Про не начатые упаковки с антибиотиками, болеутоляющими и прочими лекарствами ничего не хотел говорить. Но Абу Сахат взял вскрытую упаковку с таблетками акамоля и спросил:
– А это что? Как такое можно сделать? Где?
– Это лекарство от головной боли.
Упаковку вскрывал, когда один из солдат пожаловался на головную боль. Я не знал, что мне врать дальше. Боялся, что Абу Сахат перестанет мне верить. Нужно сказать что-то похожее на правду, любую невероятную ложь, но похожую на правду. И чем более невероятной она будет, тем больше надежда, что он смирится с такой "правдой".
– Учитель, я говорил не всю правду. Действительно, я с севера. С Крайнего Севера. В Москве был, и в Киеве тоже был, но пришел туда из более далекой страны. Моя страна находится за дальними горами. У нас там все не так. Люди живут по-другому. Совсем по-другому. И не хотят ходить в ваши страны. Но я хотел увидеть не только нашу страну. Был молодой и глупый. Долго перебирался через горы. Потом сплавлялся по рекам. Жил на самой окраине вашего мира – в Москве. Прошел с местными жителями до Новгорода, а оттуда с варягами сплавился до Киева. Это было трудно, мы перетаскивали в одном месте наши корабли волоком по суше. Потом плыл с купцами до Константинополя. А дальше я уже тебе рассказывал.

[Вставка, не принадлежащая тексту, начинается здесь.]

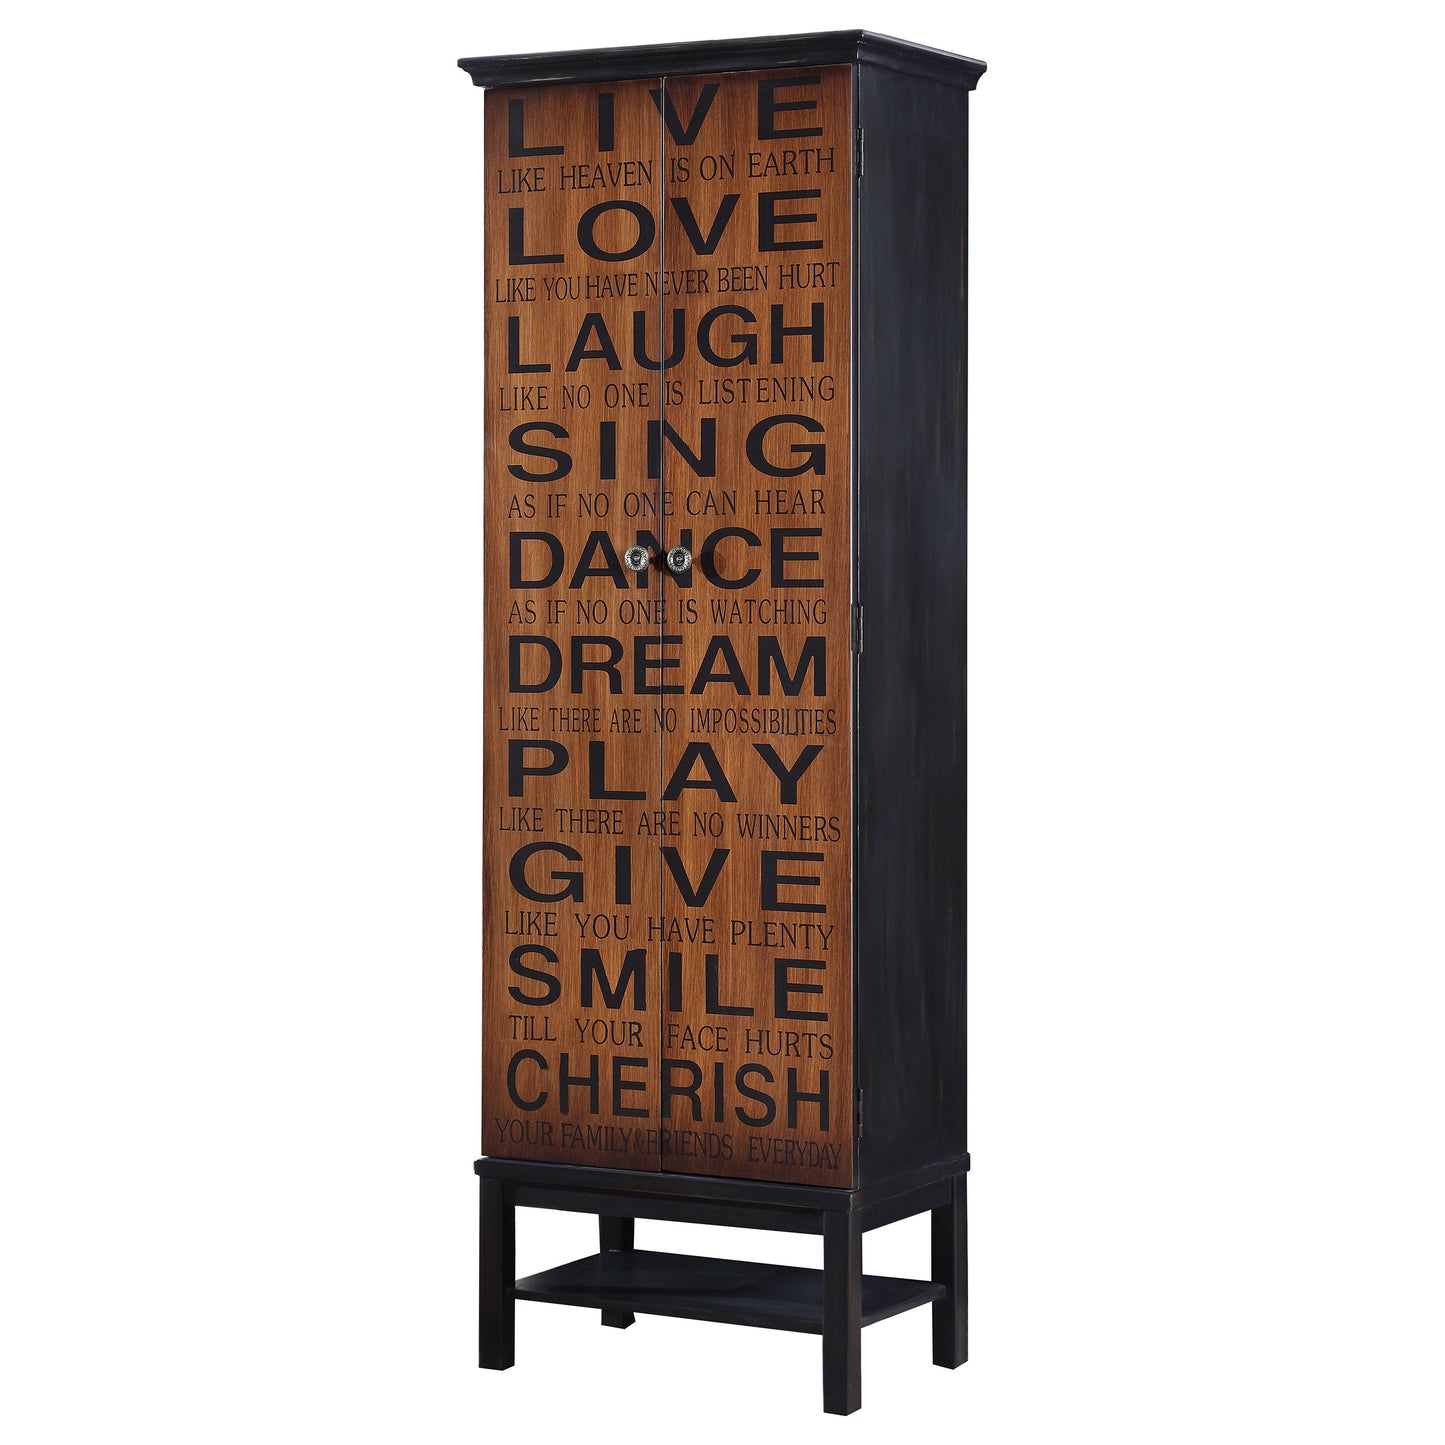 Lovegood 2-door Wood Tall Storage Cabinet Black and Brown

– Я слышал о вашей стране. Один человек из Византии рассказывал мне очень давно, что на далеком севере есть страна Гиперборея. Счастливая страна, где люди живут очень долго. Это ваша страна? Расскажи о ней.

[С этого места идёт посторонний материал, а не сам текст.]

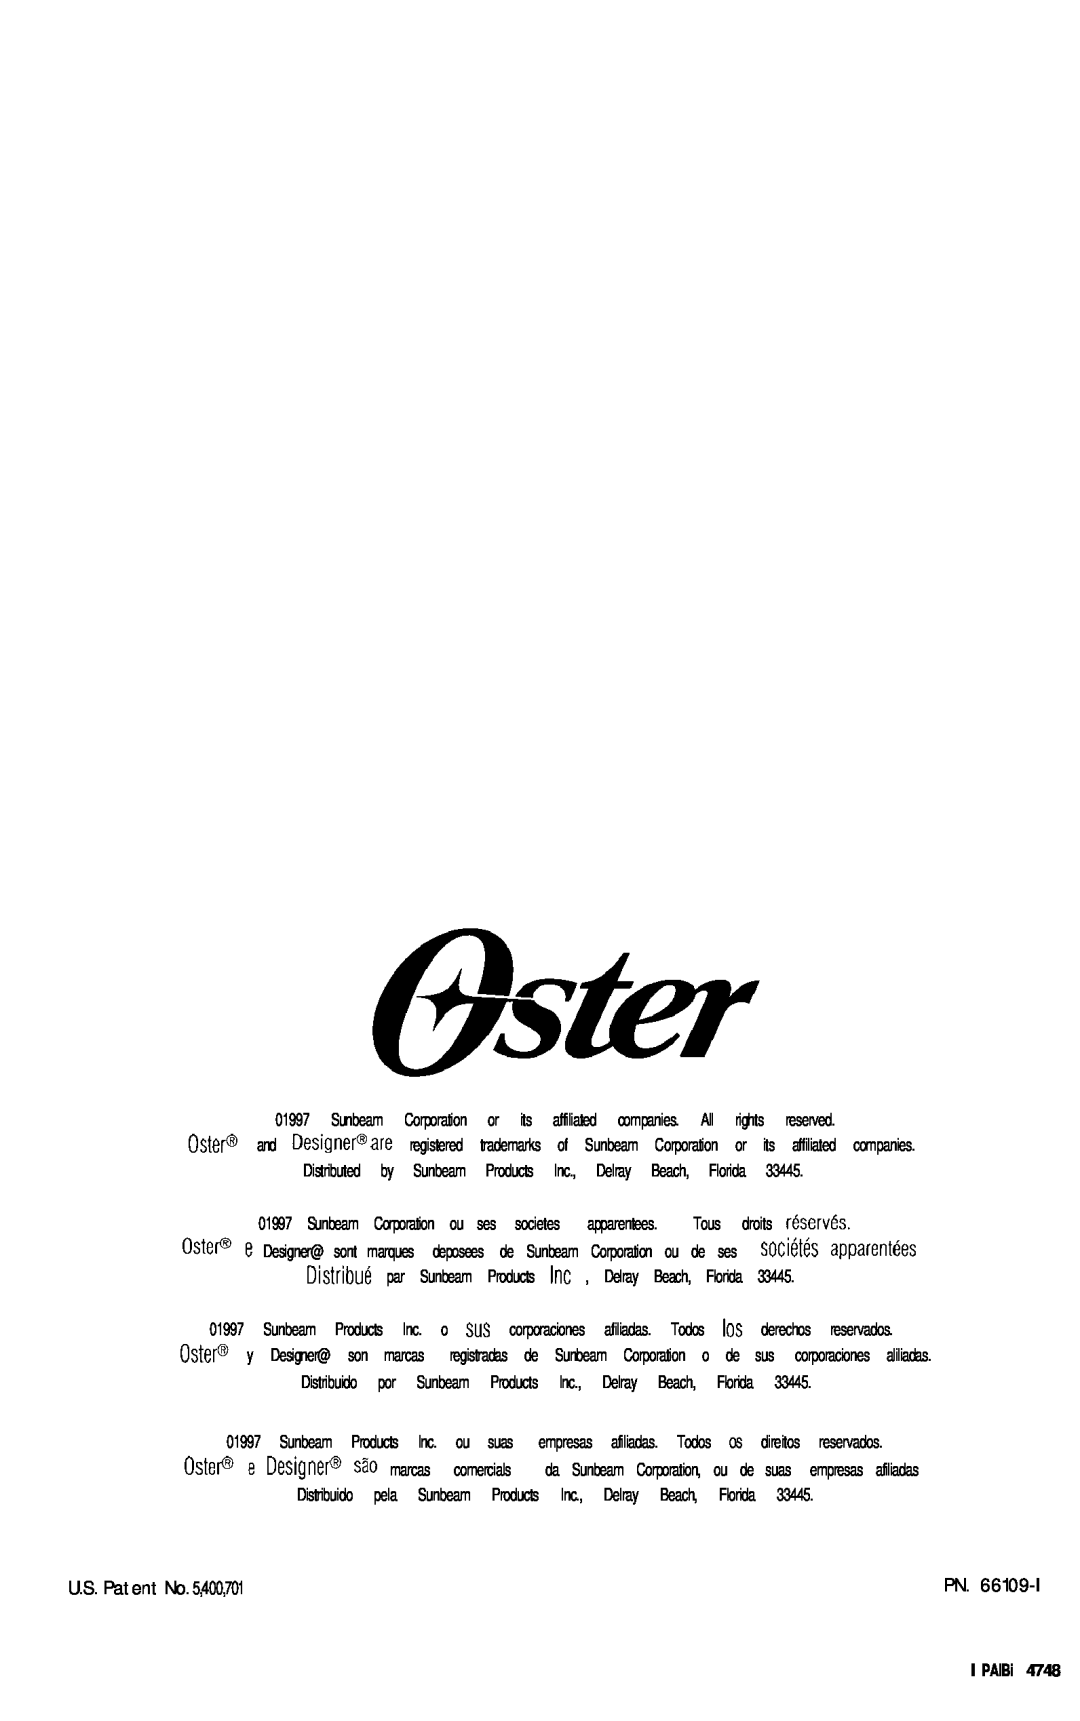 Oster 4711 manual U.S. Patent No. 5,400,701, IPAlBi

Мне оставалось только чесать затылок. Я слышал такое слово. Что-то в школе нам говорили об этом. Но что?
– Учитель, когда мне исполнилось десять лет, с меня, как и со всех остальных детей, взяли клятвы: никогда не выходить за пределы гор, никогда никому ничего не рассказывать о нашей стране. Страшные клятвы. И одну из них я уже нарушил. Теперь мне никогда не вернуться на родину. Ты хочешь, чтобы была нарушена вторая клятва? А если я умру, как мне тогда сказали?
– Нет, я не хочу твоей смерти. Но ты покажешь, как действуют твои лекарства?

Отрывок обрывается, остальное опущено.